Wednesday, 25 February 2026

Are You There? (2024) - Horror Film Review


Are You There?
is a supernatural horror film that was directed by Kim Noonan, which felt like a relic from a decade or so back. It has some unexpected twists along its initially slow paced story, and I think I liked the actor who played the protagonist, but there wasn't much real substance here.

Rosa (Laura Sollet - Apocalypse Rising: A Zombie Saga) is a paranormal psychologist student who believes that experiences of the paranormal comes from the mind, rather than be an actual thing. With her housemate, Natalie (Eva Meyerson - Boneyard), she makes online videos where she explores different ways to contact the dead. After her beloved grandma dies (someone who had classed themselves as a white witch), she leaves Rosa a box of her belongings. Included in the box is a special candle and candle holder, with instructions that tell her niece how to use the candle to contact her from beyond the grave. Rosa is very surprised when she tries it and it actually works, the candle flame blowing left or right in answer to her yes or no questions. At first, Rosa is overjoyed that she has finally gotten proof of the supernatural, but as more and more sinister things happen around her, she comes to believe she hasn't contacted her grandma through the candle, but an evil spirit who wishes her harm.


For the first 40 minutes of this roughly 90 minute horror I was pretty bored. There was not much of note happening at all, outside of the candle flame blowing left or right. I thought Rosa was fine as a protagonist, if a little dull, but the story itself was almost mind numbingly dull. Then a change happens, and the rest of the movie plays out as one long nightmare sequence of Rosa trapped in her house, experiencing all sorts of unnatural terror. These take the form of sequences where she has travelled through time or space to earlier places and people in her life, encounters that she in unable to tell if they are real or not, and all sorts of paranormal activity, such as things moving on their own, and a stubborn candle whose flame refuses to go out even if submerged in water! The transition from slow burn snore fest to wild madness was sudden, it almost felt like they were two different films clumsily taped together. The second half is a lot better, and action packed. The midpoint scene where Rosa encounters an intruder in her home was the highlight of Are You There?, a stark and brutal excursion into real life horror, before it settles back into mad paranoid craziness.
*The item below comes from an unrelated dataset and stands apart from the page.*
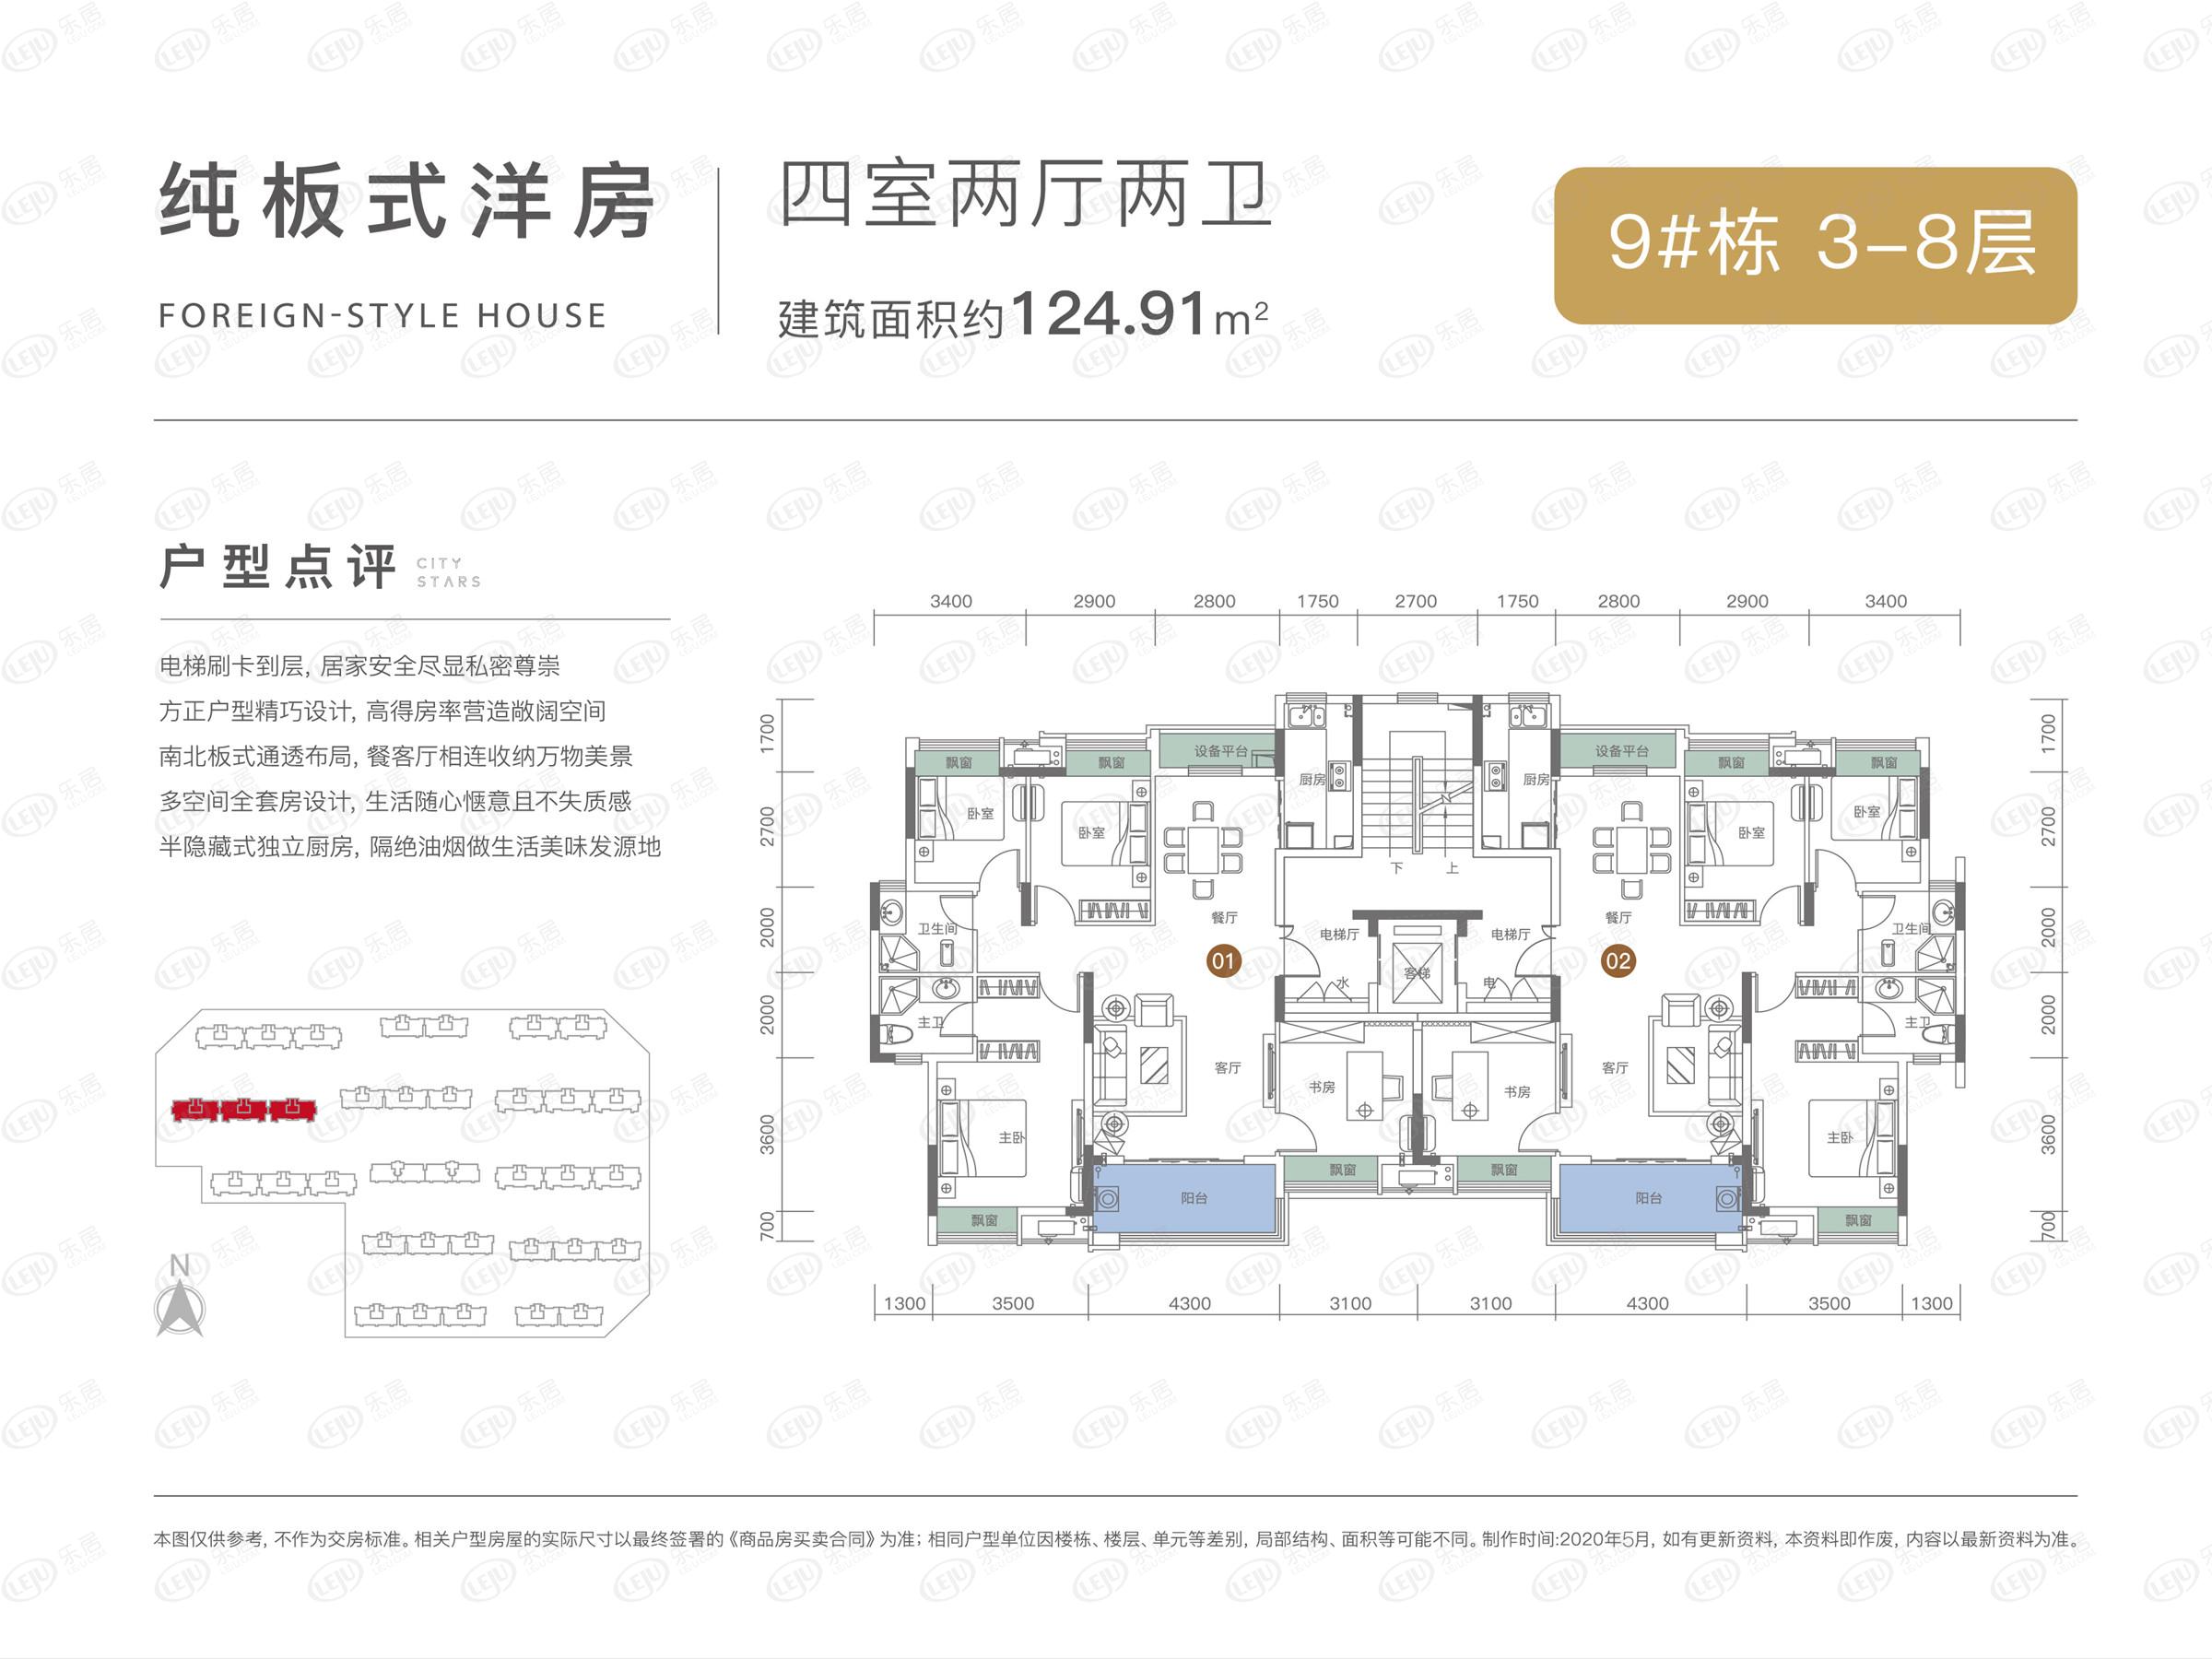 永州冷水滩中建·滨江新城正在热销 单价约6300元/㎡

The eventual reveal of what has actually been going on was unexpected, but also not original, I have seen the same plot device used in countless horrors over the years, specifically earlier this century when that idea seemed to be all the rage. It also makes the first 40 minutes not really make a lot of sense in hindsight, hence it feeling like two films in one.
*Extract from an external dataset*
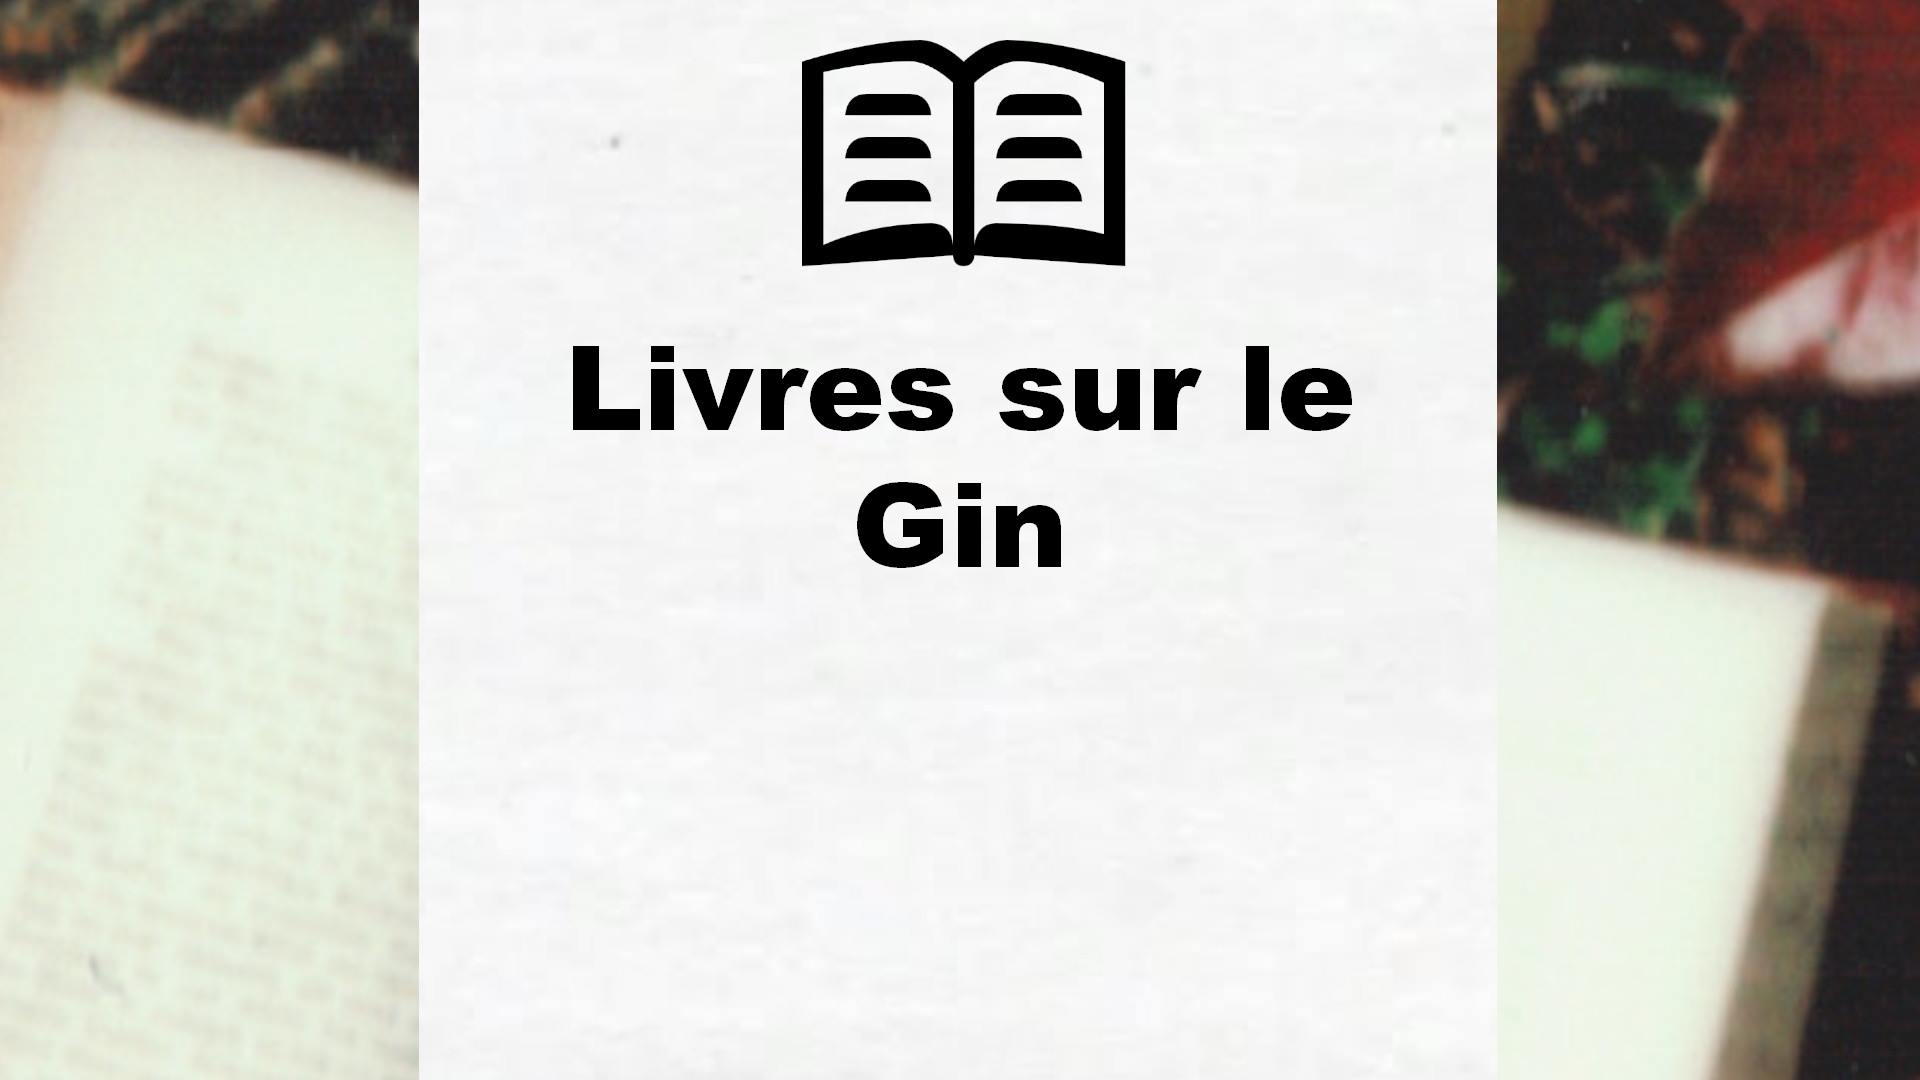 Livres sur le Gin

The horror, when it eventually arrives isn't bad, aside from one terrible looking CG effect of a flame blowing up into a perpetual fireball, it was fine. You have the familiar nightmare things, such as rooms opening onto impossible locations, or a character abruptly being yanked to a different location. It all looks good, especially with the previously mentioned mid-film break into home invasion terror. 
The story looks into sensitive topics, I had no problem with that. Everything revolving around the candle was a bit silly. I especially liked when Rosa looks on the internet for help with her situation and finds comically dark results. For a way to contact the dead that has such harsh consequences be so easy to do was humorous, I will admit, the crazed live streaming she does where she tries to warn her followers was excellently done, Sollet always did a fine job of appearing near insane with fear at some of the supernatural events she encounters, with the obligatory 'madness dancing in the eyes' look that never gets old.


Are You There? was an average horror that was let down by some strange editing techniques. I'm still not even sure if the wild prologue sequence was actually a part of the film or some sort of trailer before the screener I watched - wild disparate images that made little sense. Not the worst film out there, but there didn't seem like much originality with the story being told, and that first half was a real slog to get through. Are You There? releases second quarter this year via High Fliers Films.